Makale Ngwenya, a Tshwane resident who recently participated in Live Magazine and ENCA’s youth debate, when asked what youth month meant to her said: “Youth month is just but a commemoration for a specific time in our history nearly 40 years ago. We must locate the new struggle for young people within the ‘normal’ democratic dispensation; I use normal with a caution since we are no longer under colonialism, segregation and apartheid. The dividends of democracy have not been realised just yet by the youth. It has been a period of un-freedom since the youth cannot avoid poverty, unemployment and income inequality. The youth are falling through the cracks of social-welfare systems for example social grants are becoming the primary source of income for many South Africans in the absence of jobs … and we all know the problems of our education system — too painful to mention here.”

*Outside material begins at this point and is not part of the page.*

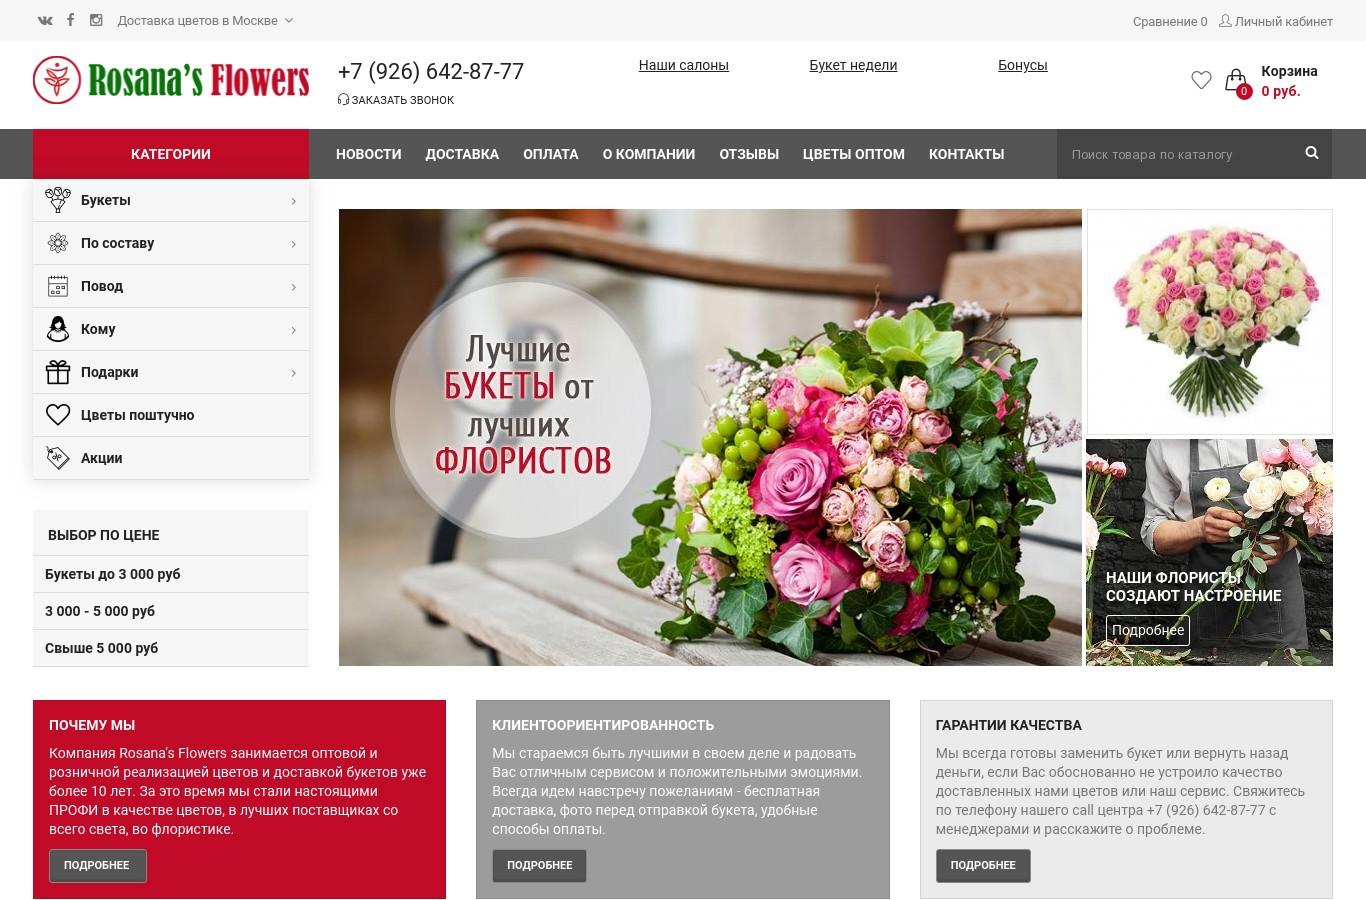 Создание интернет-магазина для Rosana's Flowers

The National Youth Day celebrations took place at Galeshewe Stadium in Kimberley, the Northern Cape, under the theme “Youth moving South Africa forward”. Deputy President Cyril Ramaphosa was tasked with delivering the keynote presentation on behalf of the president.
The 26-year-old Ngwenya, an economist by profession, expressed her frustration with Ramaphosa’s address saying: “Deputy President Cyril Ramaphosa made reference to the declaration that was adopted at the presidential indaba on youth skills by highlighting that internship programmes within the state and the private sector will be intensified. Internships give youth skills, only partially solving the problem since both public and private sector employers are not obliged to retain these graduates. Many are on six months to two year employment contracts — those who are lucky to be retained, that’s good. But, what does that mean for those who cannot be retained.”
Her concerns are valid, considering Statistics South Africa’s recent announcement that “the unemployment rate among youth [aged 15 to 34] increased from 32.7% to 36.1% between 2008 and 2014”. This announcement was made on the launch of their report on national and provincial labour market trends among the youth. The report listed a high incidence of long-term youth unemployment and a lack of work experience as some of contributing factors in the variety of problems facing young people in the labour market.
She goes on to bemoan the subterfuge and obfuscation that clouded Ramaphosa’s address saying: “The youth employment incentive scheme, while it sounds like a plan — in the absence of many plans — we have not heard anything about how it will be monitored and evaluated. How are the outcomes of these schemes supposed to be measured in terms of their impact of eradicating unemployment?”
It’s disheartening to hear young people so disillusioned with the solutions being put forward to resolve the problem.